Growing a Farmer: How I Learned to Live Off the Land
By Kurt Timmermeister
(W.W. Norton & Co., $24.95)
Twenty years ago, home ownership lured Seattle restaurateur Timmermeister to Vashon Island in Washington's Puget Sound, where Mother Nature and 4 acres of land seduced him. His prior farming experience? Spending two weeks at a summer horse camp and watching TV's "Green Acres." He devoured books on farming, working his way from vegetables to bees, fowl, pigs and his first cow, a Jersey named Dinah (fodder for a section on cows in heat). Today he has a dairy farm (Kurtwood Farms) with a focus on cheese-making. He wrote the book "to add a perspective on the food we eat."

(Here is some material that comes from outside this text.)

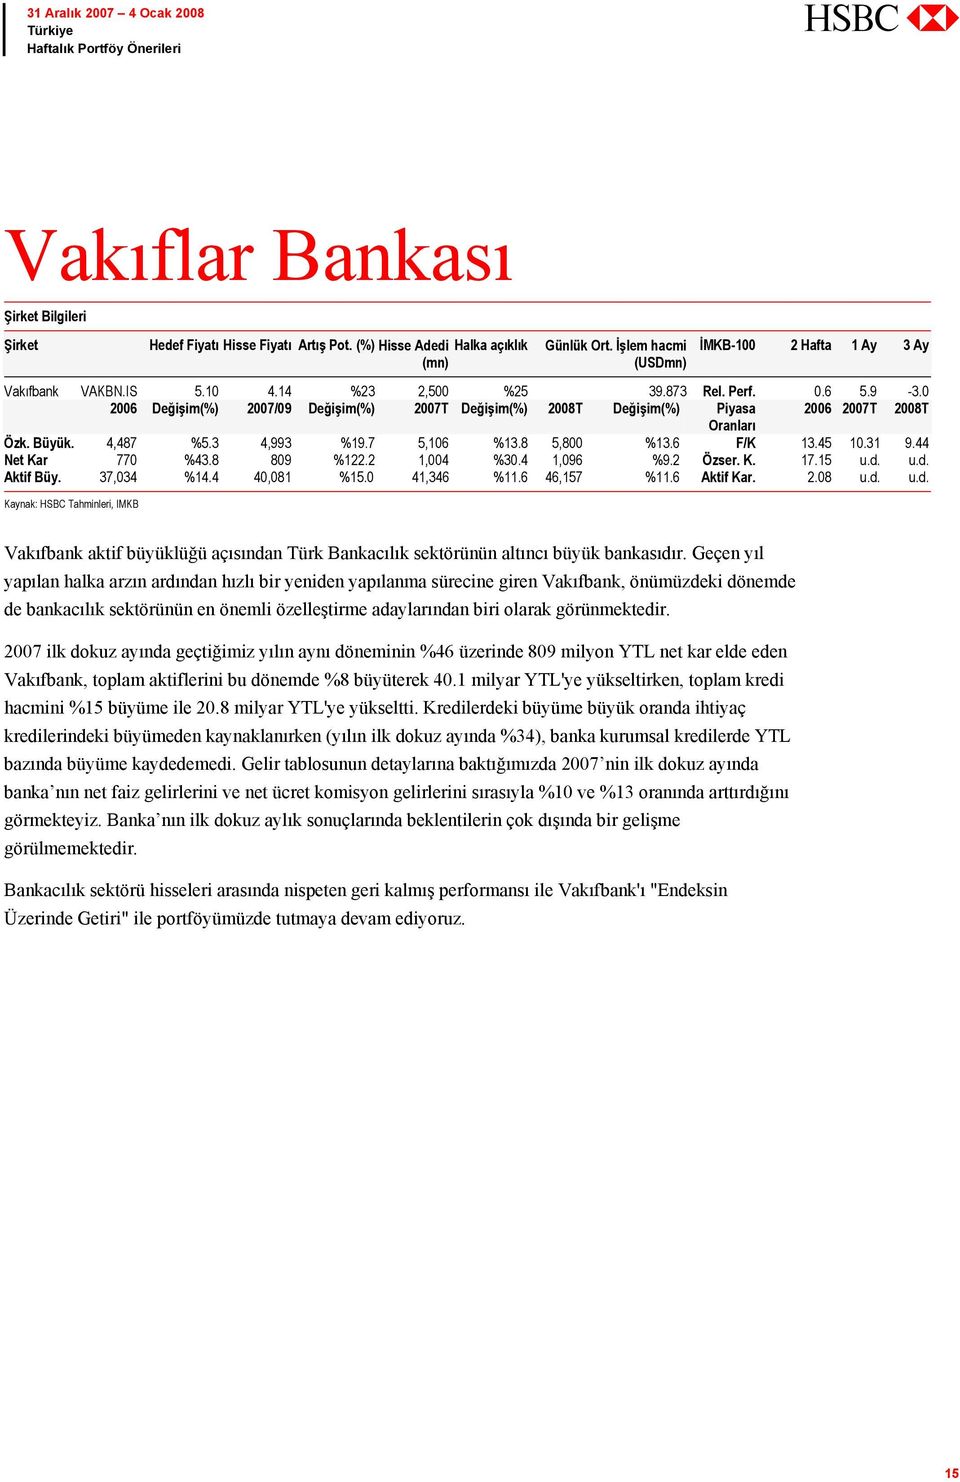 4 40,081 %15.0 41,346 %11.6 46,157 %11.6 Aktif Kar. 2.08 u.d. u.d. Kaynak: HSBC Tahminleri, IMKB Vakıfbank aktif büyüklüğü açısından Türk Bankacılık sektörünün altıncı büyük bankasıdır.

Of honeybees, he writes: "Each small hex cell is minute, a half inch by three-eighths by three-eighths and might contain a quarter teaspoon of honey. Miraculously at harvest time the pail at the base of the honey extractor is filled with golden honey; the miracle of the loaves and fishes lives on."
Chicken and Egg: A Memoir of Suburban Homesteading With 125 Recipes
By Janice Cole
(Chronicle Books, $24.95)
Former chef, restaurant owner, food writer/editor/stylist and cooking instructor Cole became a "chicken wrangler" when she was "downsized from her food magazine job." Her account of living with three chickens in the backyard of the St. Paul, Minn., home she shares with her husband and two sons is a mix of charming stories, tips and recipes.
Of the three chicks, she writes: "We were like parents of newborns whose lives are abruptly turned upside down. It was a blur of constant feeding, cleaning, watering, pooping, more cleaning, checking bottoms for pasted bums, holding, cuddling, and feeding some more. I was enthralled. I was also exhausted."
More farming literature
•"Self-Sufficiency for the 21st Century," by Dick and James Strawbridge (DK Publishing, $30). Detailed effort from father-son pair of English farmers.
•"Modern Homestead: Grow, Raise, Create," by Renee Wilkinson (Fulcrum Publishing, $26.95). How-to by blogger who is a sixth-generation gardener-homesteader.
•"The Backyard Homestead Guide to Raising Farm Animals," edited by Gail Damerow (Storey, $24.95). Learn it all, from milking a cow to birthing a kid.
•"Urban Homesteading: Heirloom Skills for Sustainable Living," by Rachel Kaplan with K. Ruby Blume (Skyhorse Publishing, $16.95). Reality check for dreamers.